*** Working data ***
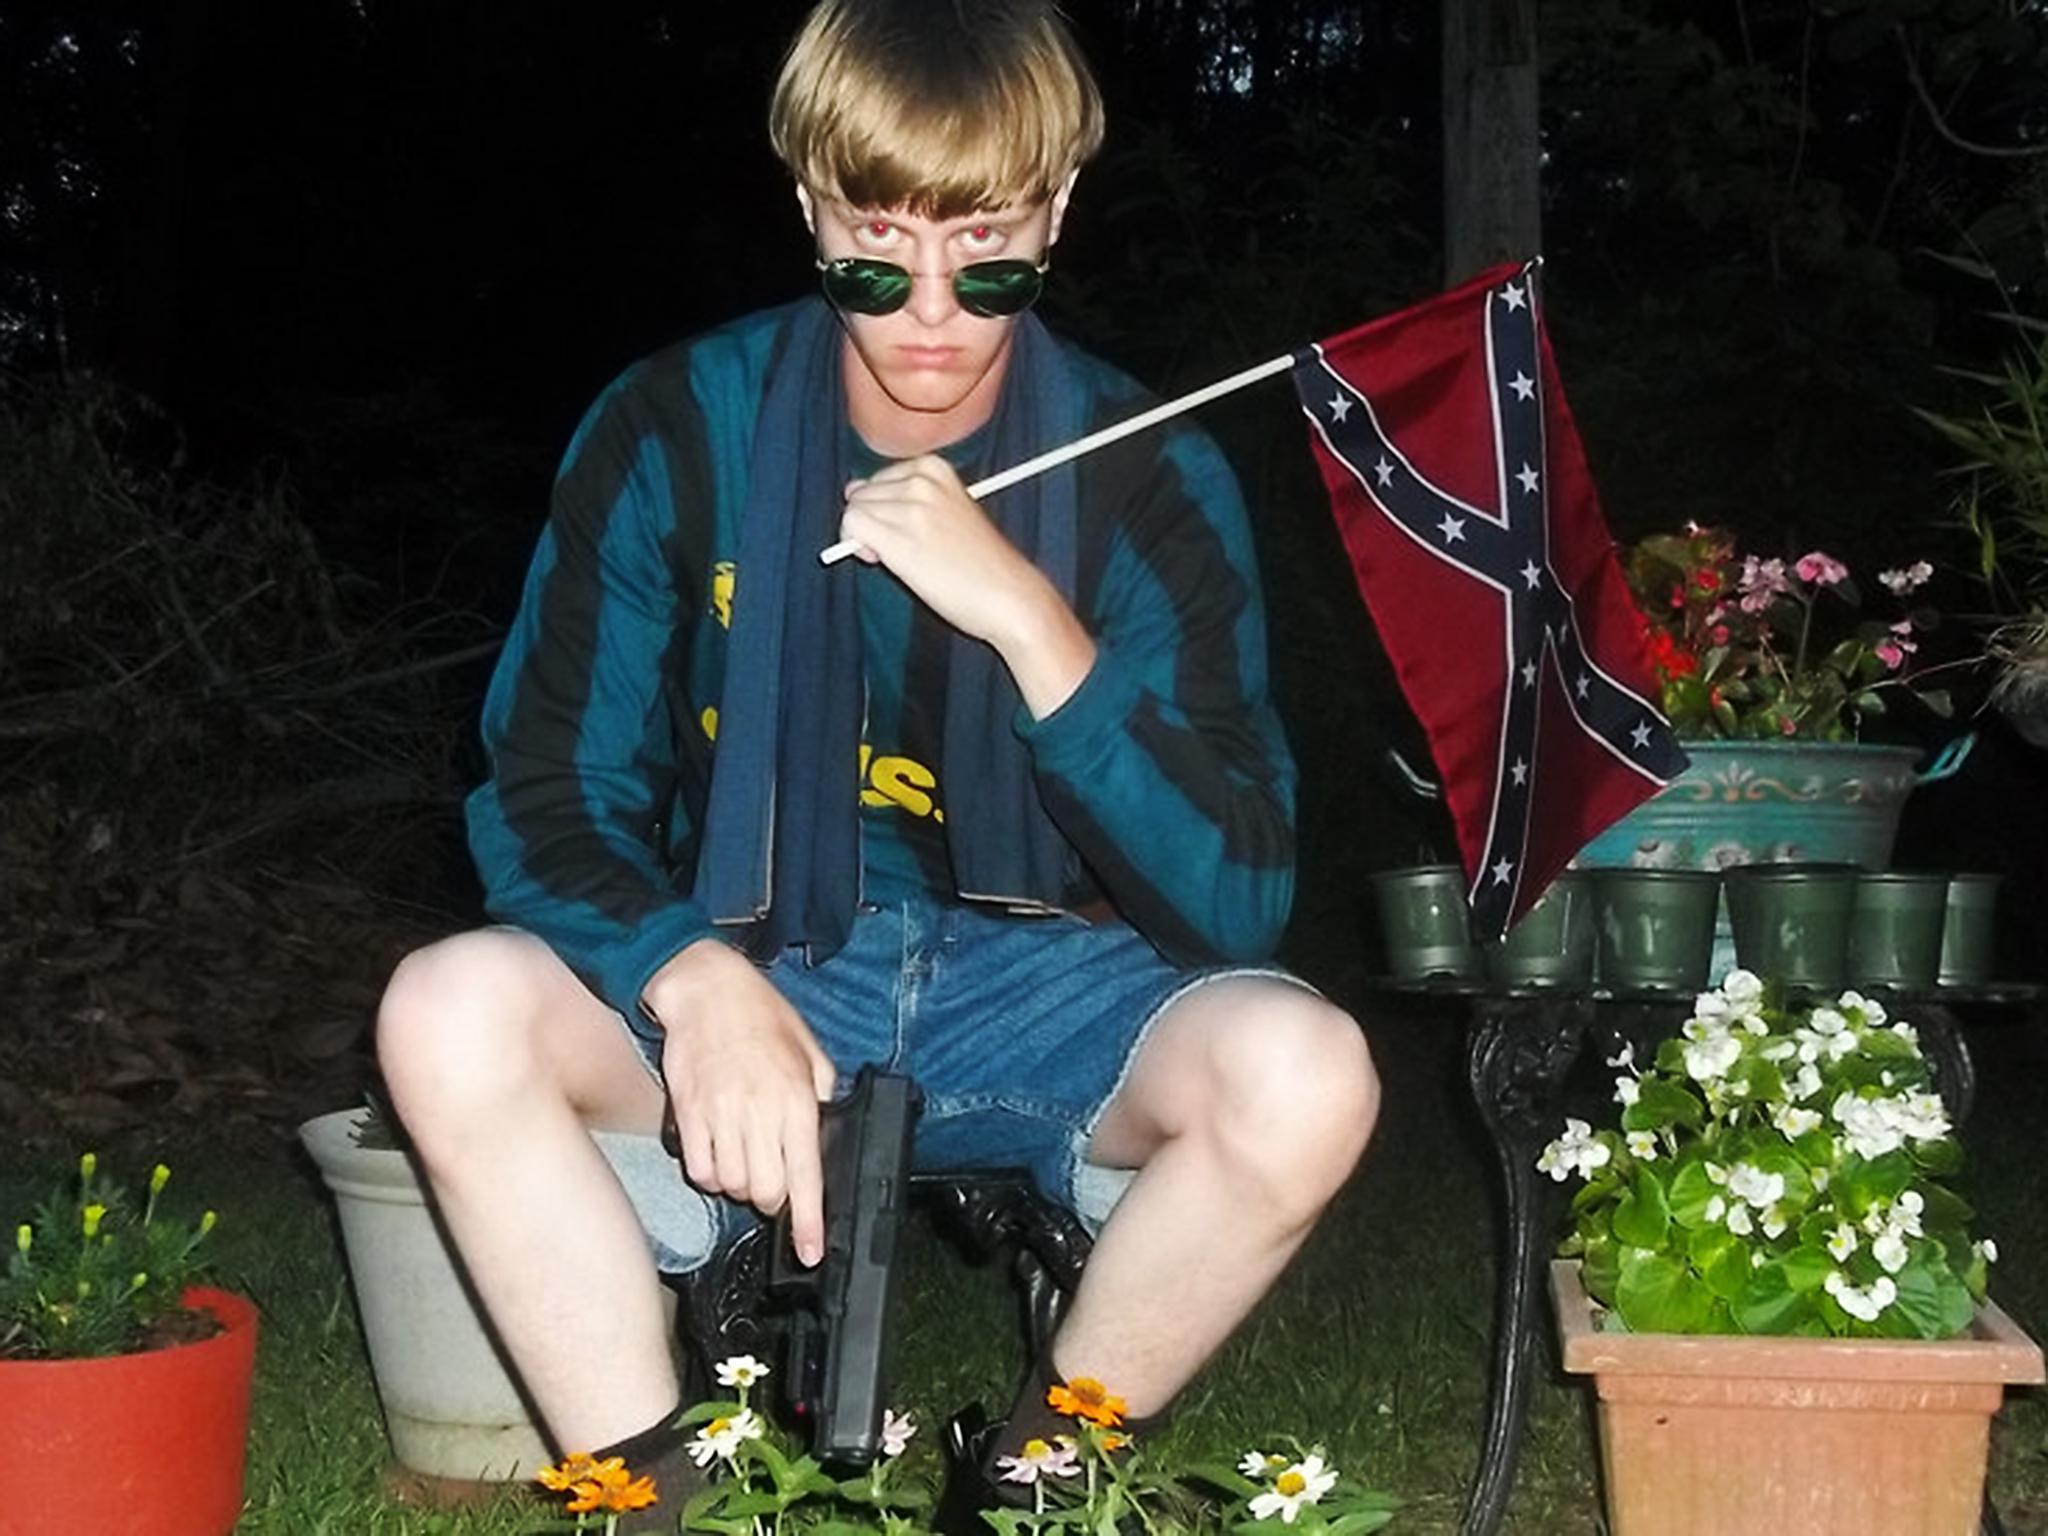 Breitbart published a defence of the Confederate flag two weeks after images emerged, following his massacre of African American churchgoers, of white supremacist Dylann Roof brandishing it
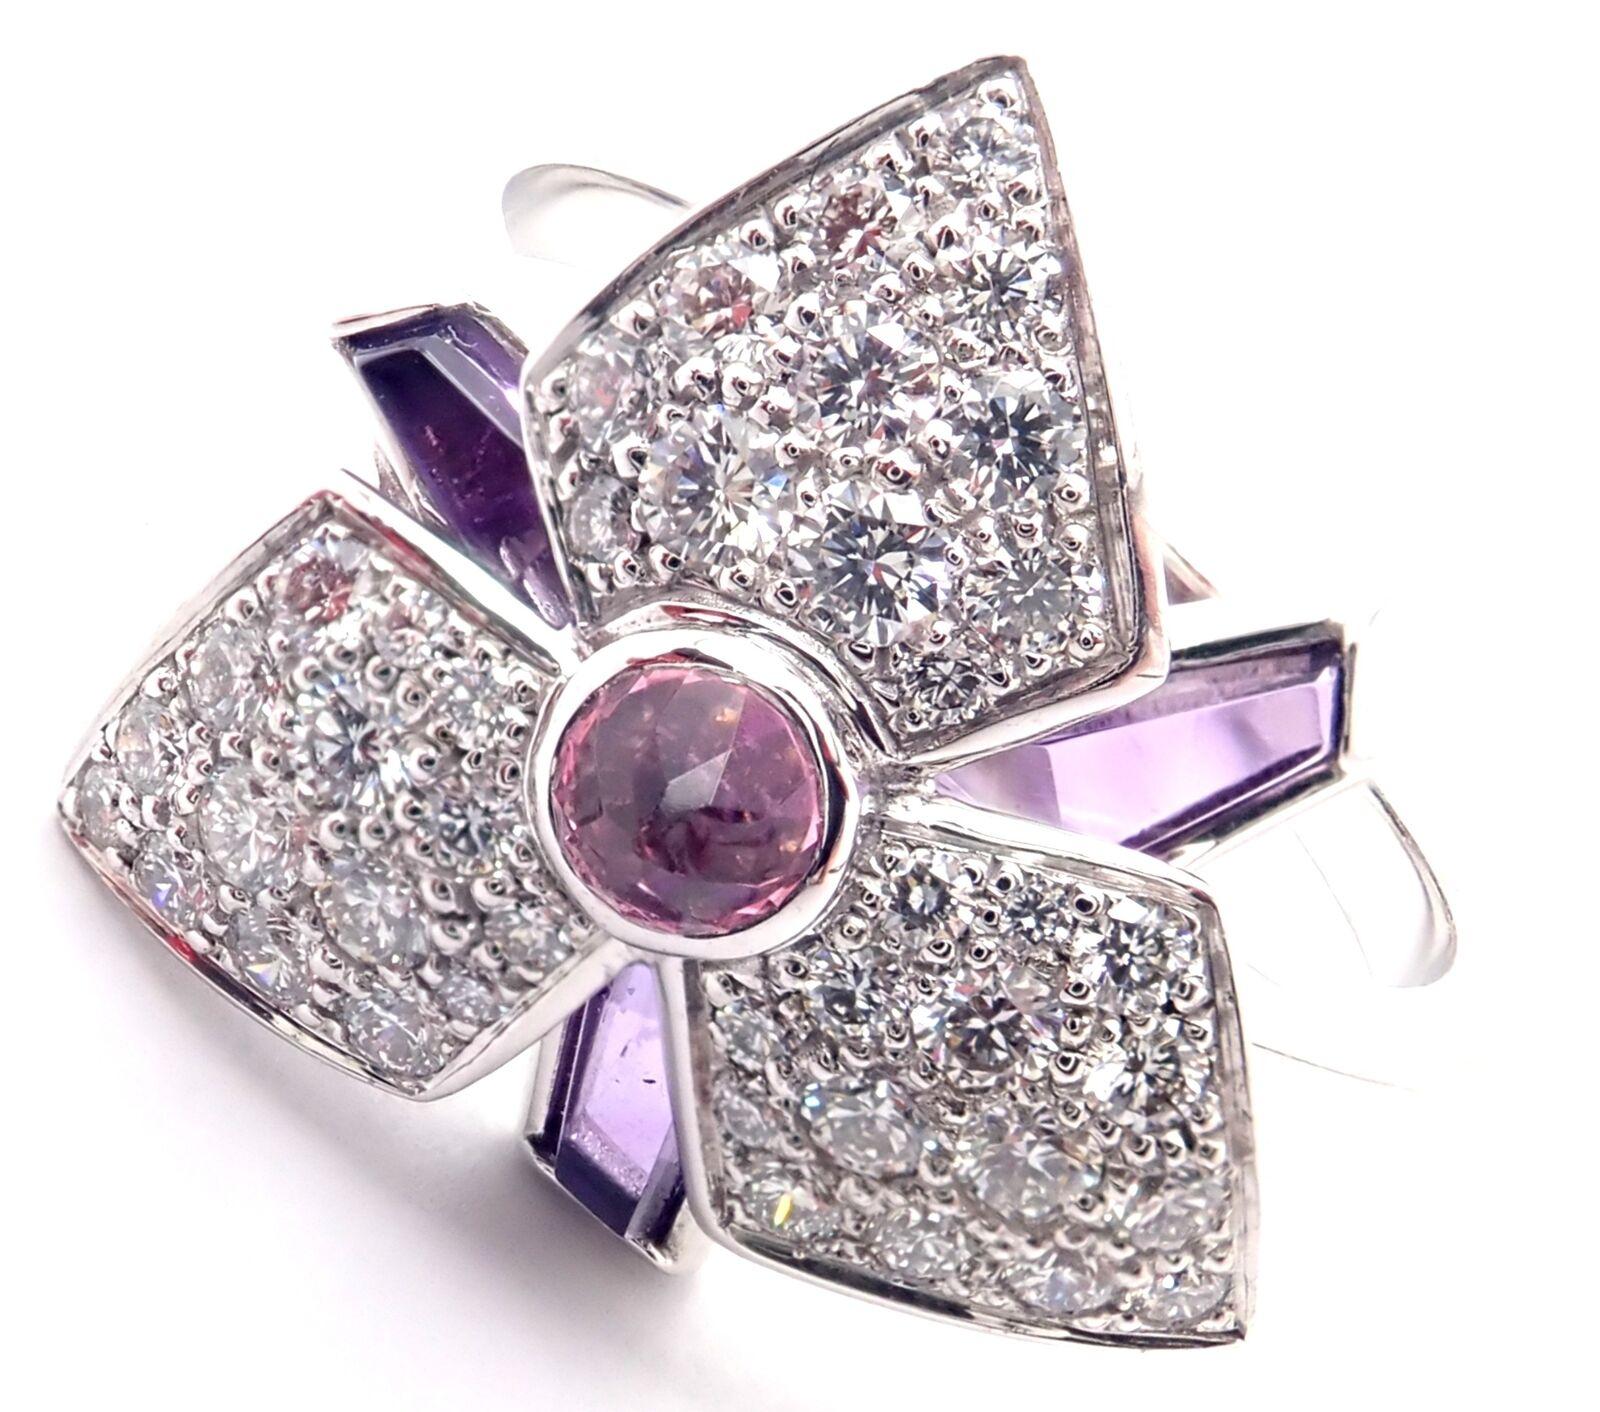 18k White Gold Diamond Amethyst Caresse D'orchidées Orchid Flower Ring by Cartier.
With Round brilliant cut diamonds VS1 clarity, E color total weight approx. .52ct
Amethysts
Details:
Size: European 55, US 7 1/4
Weight: 6.6 grams
Width: 
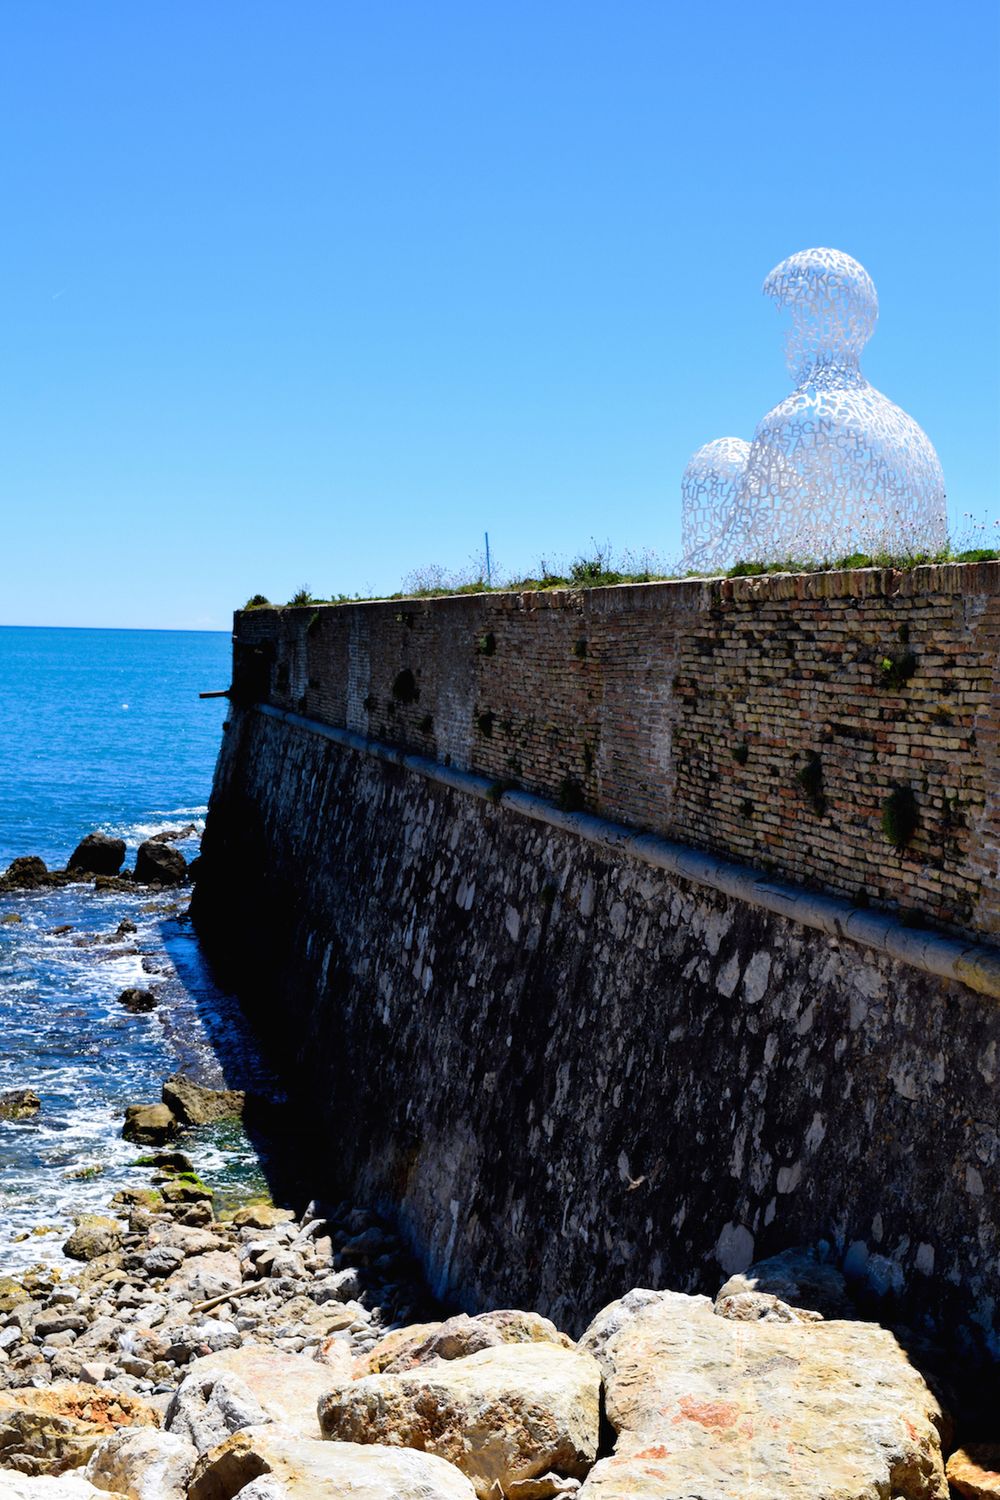 Le Nomade sculpture, Antibes, France
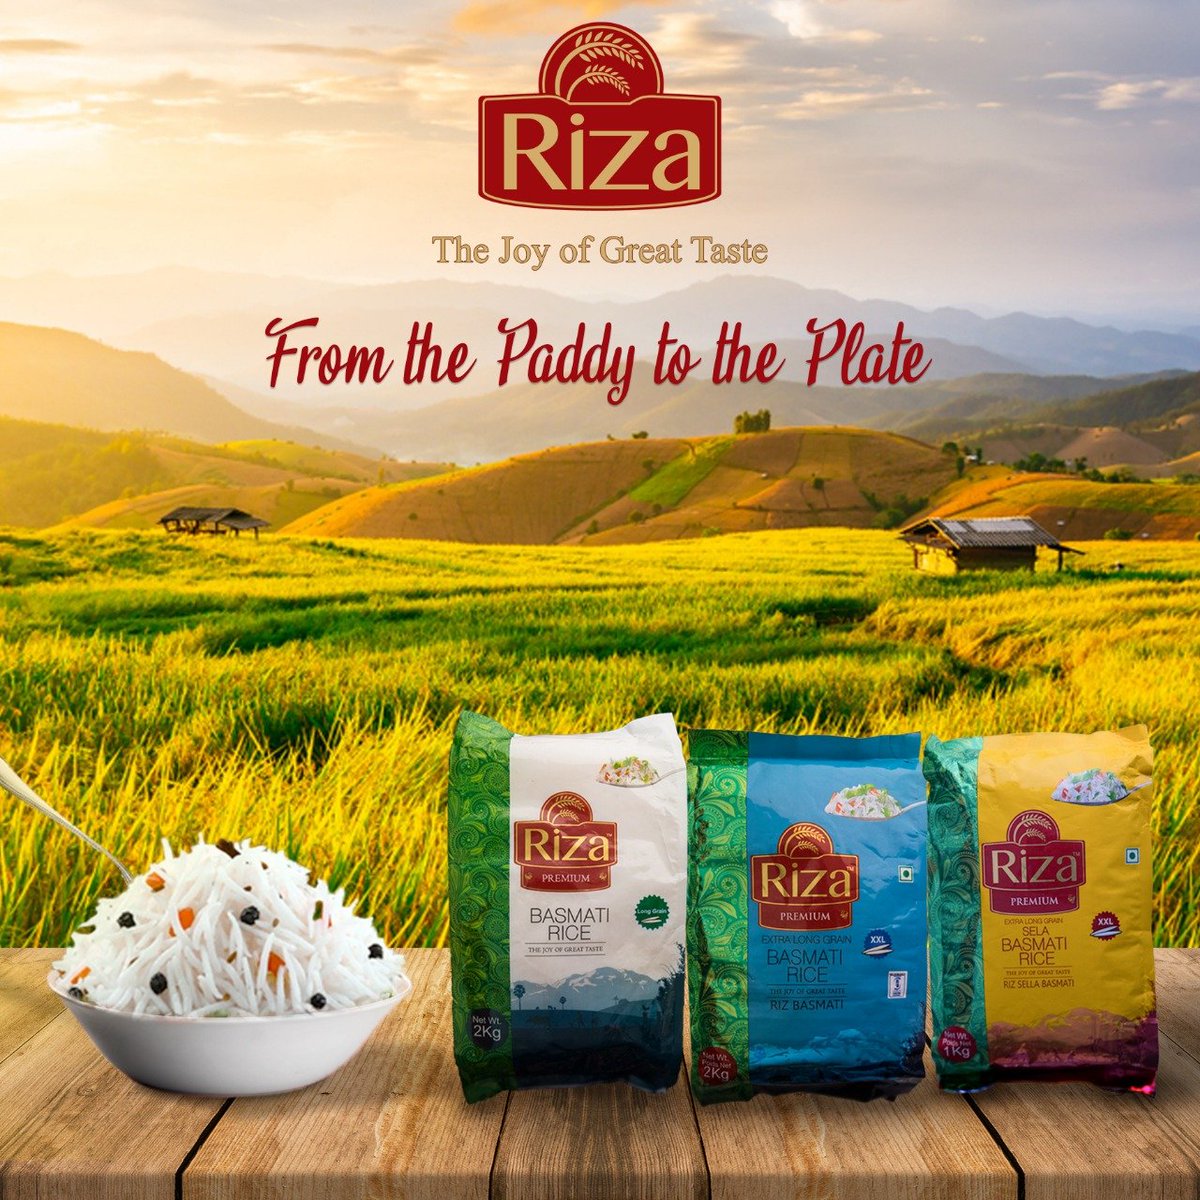 Try making Riza rice at home, be it a pulao or a biryani or a paella…we would love you to savour ‘The Joy of Great Taste’.
#Riza
#TheJoyOfGreatTaste
#FurahiDay
#RiceLovers
#HealthyFood
#Foodies
*** End of Working data ***
If a record holds a picture, drop the picture and return the rest of it exactly.

Written answer:
 Breitbart published a defence of the Confederate flag two weeks after images emerged, following his massacre of African American churchgoers, of white supremacist Dylann Roof brandishing it
 18k White Gold Diamond Amethyst Caresse D'orchidées Orchid Flower Ring by Cartier.
With Round brilliant cut diamonds VS1 clarity, E color total weight approx. .52ct
Amethysts
Details:
Size: European 55, US 7 1/4
Weight: 6.6 grams
Width: 
 Le Nomade sculpture, Antibes, France
 Try making Riza rice at home, be it a pulao or a biryani or a paella…we would love you to savour ‘The Joy of Great Taste’.
#Riza
#TheJoyOfGreatTaste
#FurahiDay
#RiceLovers
#HealthyFood
#Foodies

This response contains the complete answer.